Tom Parker | Credit: Paul Wellman File Photo

Tom Parker, for years the most public face of the Hutton Parker Foundation, died last week after a four-year struggle with brain cancer. He was 77.

Parker, a butcher’s son who famously grew up on Santa Barbara’s Eastside and attended Franklin Elementary School, created a sprawling philanthropic empire by buying up hard-to-lease commercial properties and populating them with as many as 57 nonprofit agencies. By charging these agencies considerably lower-than-market rents, Parker afforded them a degree of financial security all but unheard of in Santa Barbara’s unforgiving real estate market. He estimated the savings — accrued cumulatively — totaled $2 million a year, an amount that could be plowed into operations rather than overhead.

Among the foundation’s many beneficiaries has been the Santa Barbara International Film Festival. “Tom Parker is having a love affair with this city. And we’re the recipients of that love,” gushed Film Festival Director Roger Durling at an event last year honoring Parker. “It would be a much better world if there were more people like him.”

In the 1980s, Parker, a onetime real estate mogul, leveraged the Orange County holdings of his first wife’s aunt — the entrepreneur and philanthropist Betty Hutton — to amass a small fortune. With that, he took the helm of what’s since become the Hutton Parker Foundation in 1997. Rather than investing the foundation’s considerable reserves — now said to be in the neighborhood of $130 million up from $50 million — in Wall Street, Parker and his first wife, Susan, invested instead in local real estate. At the time, this was unheard of.

“Everybody wins,” he explained, a phrase that would become his mantra.

Nonprofits got stable digs, the foundation got a reliable steady cash flow, and the community got better served. Over the years, the foundation has donated roughly $100 million. Among the beneficiaries of Parker’s vision are the Community Environmental Council, the Rescue Mission, Transition House, the Neighborhood Clinics, the Mental Wellness Center, the Environmental Defense Center, and many more.

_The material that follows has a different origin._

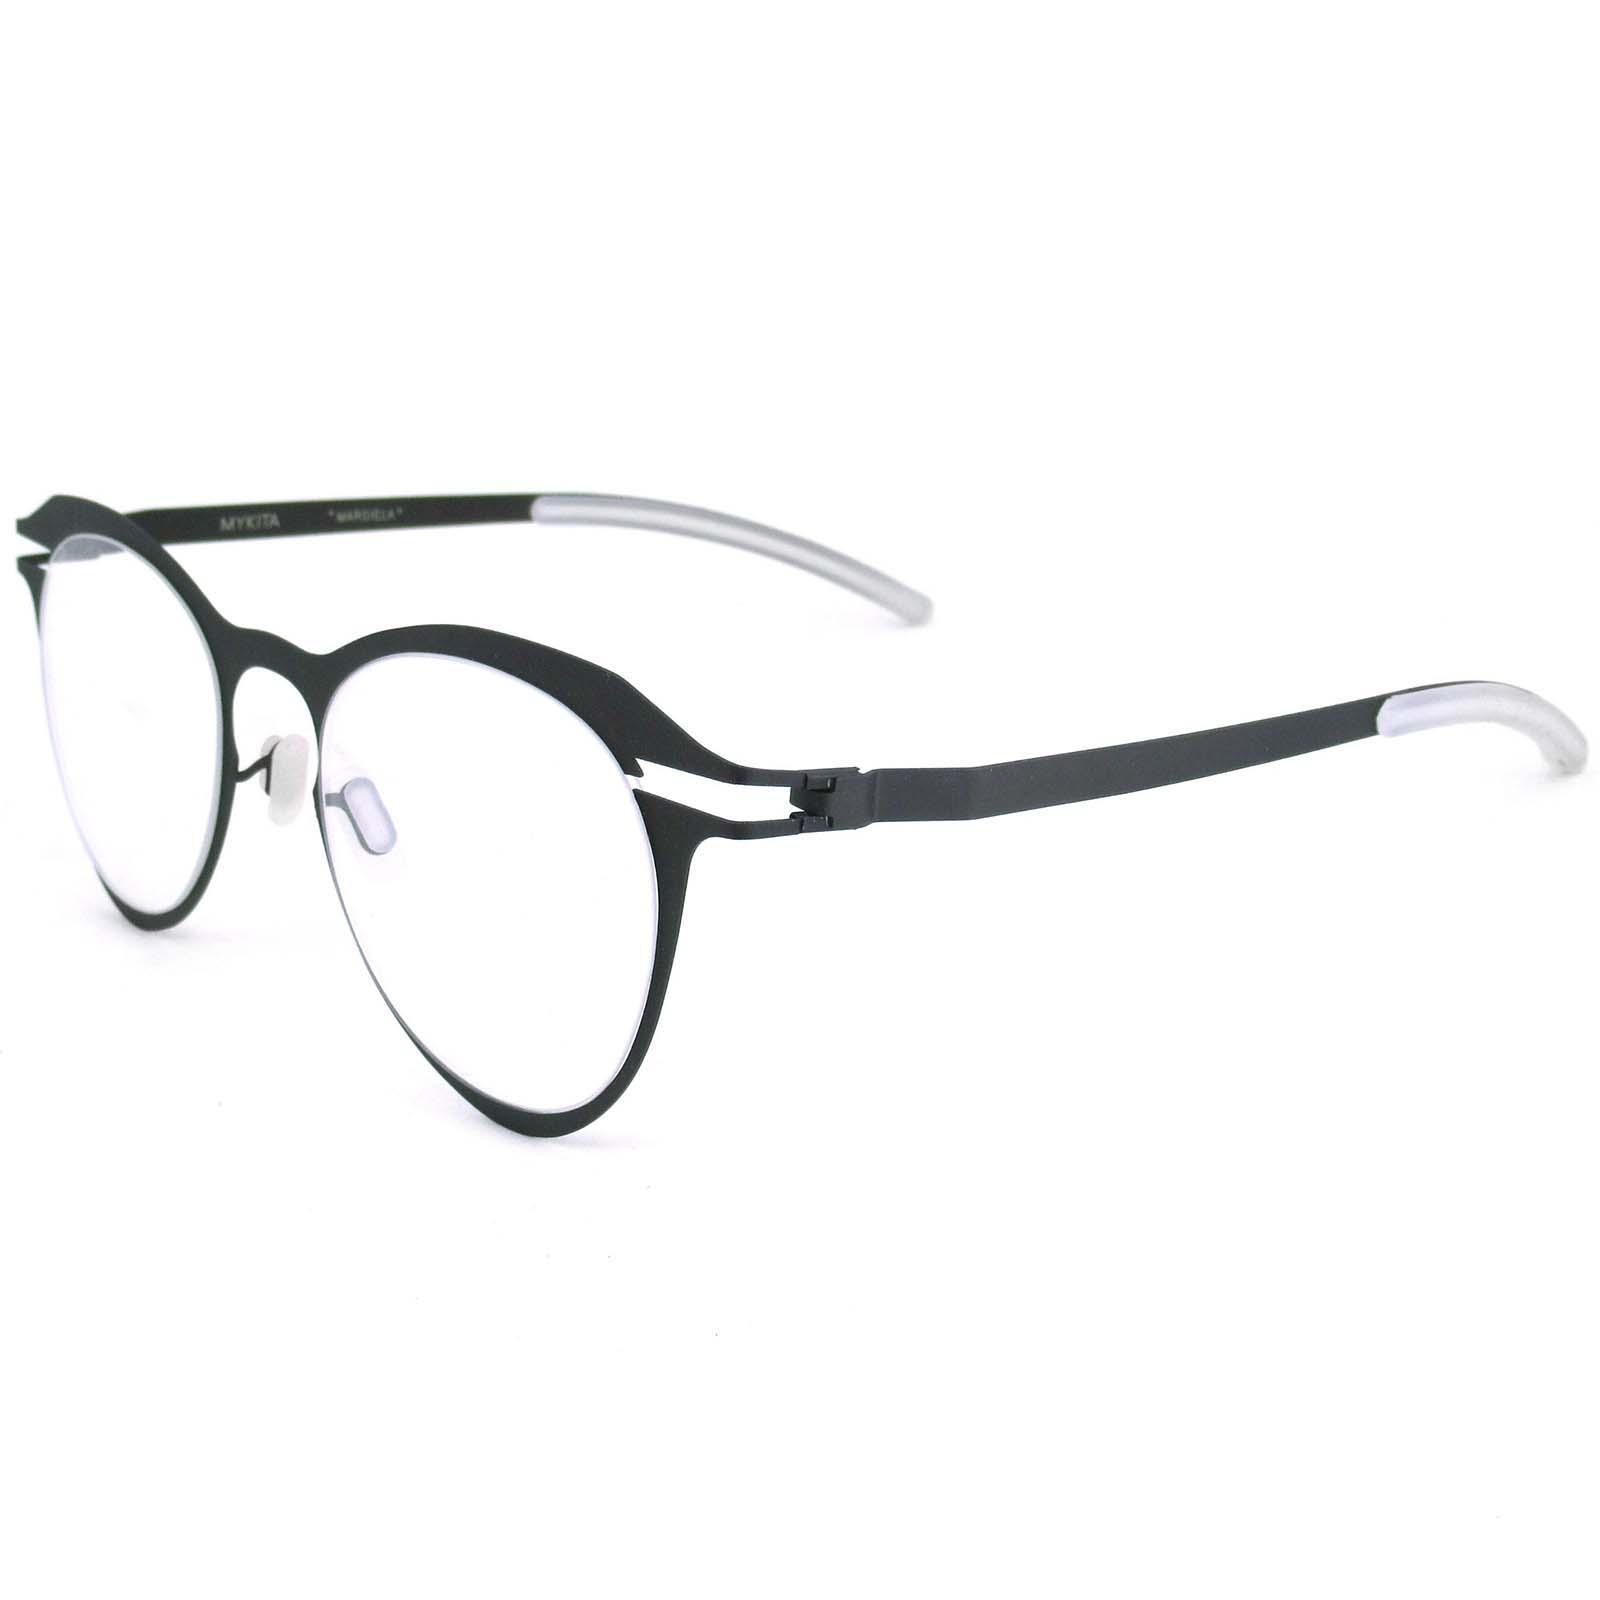 Fashion ISSEY MIYAKE แว่นตา ไม่ใช้น็อต รุ่น 30094 สีเทา MATERIAL GERMANY กรอบแว่นตา ( สำหรับตัดเลนส์ ) ไม่ใช้น็อต วัสดุ สแตนเลสสตีล หรือเหล็กกล้าไร้สนิม Stainless Steel ขาข้อต่อ กรอบแว่นตา EyewearTop Glasses

Along the way, Parker enlisted heavy hitters of the philanthropic community, such as Cliff Lambert, Ernesto Paredes, Chuck Schlosser, and Paul Orfalea to name a few — to help guide the new ship. He would name one of his buildings after fundraiser and auctioneer extraordinaire Larry Crandell, who would famously quip after receiving any honorary award, “Well deserved and long overdue.”

Paredes, executive director of EZ Lift Transportation for 33 years, served on the Foundation’s Allocation Committee. He was much impressed, he said, that “C-Suiter” Parker would know of tiny, obscure, Latino-serving nonprofits that he’d never even heard of. “He grew up on the Eastside,” Paredes noted.

Parker and the foundation were nimble and could take risks, Paredes said; they could — and did — make decisions swiftly. Parker, he added, brought a keen — if sometimes impatient — synergistic approach to the milky way of Santa Barbara’s vast nonprofit universe. In Parker’s world view, Paredes said, “The right hand should know what the left hand was doing. Brothers and sisters in the nonprofit world needed to complement each other’s efforts, not duplicate them.”

In 2018, Parker married Karla Blackwell and stepped away from Foundation activities to travel, enjoy life, and otherwise smell the roses. Four years ago, he was diagnosed with brain cancer. Parker’s sons, Jess and Chris, have taken over his role on the board.

Correction: This story was corrected regarding Betty Hutton’s occupation. She was a philanthropist and entrepreneur, who founded the Hutton Companies in Orange County. The company developed and managed real estate throughout California.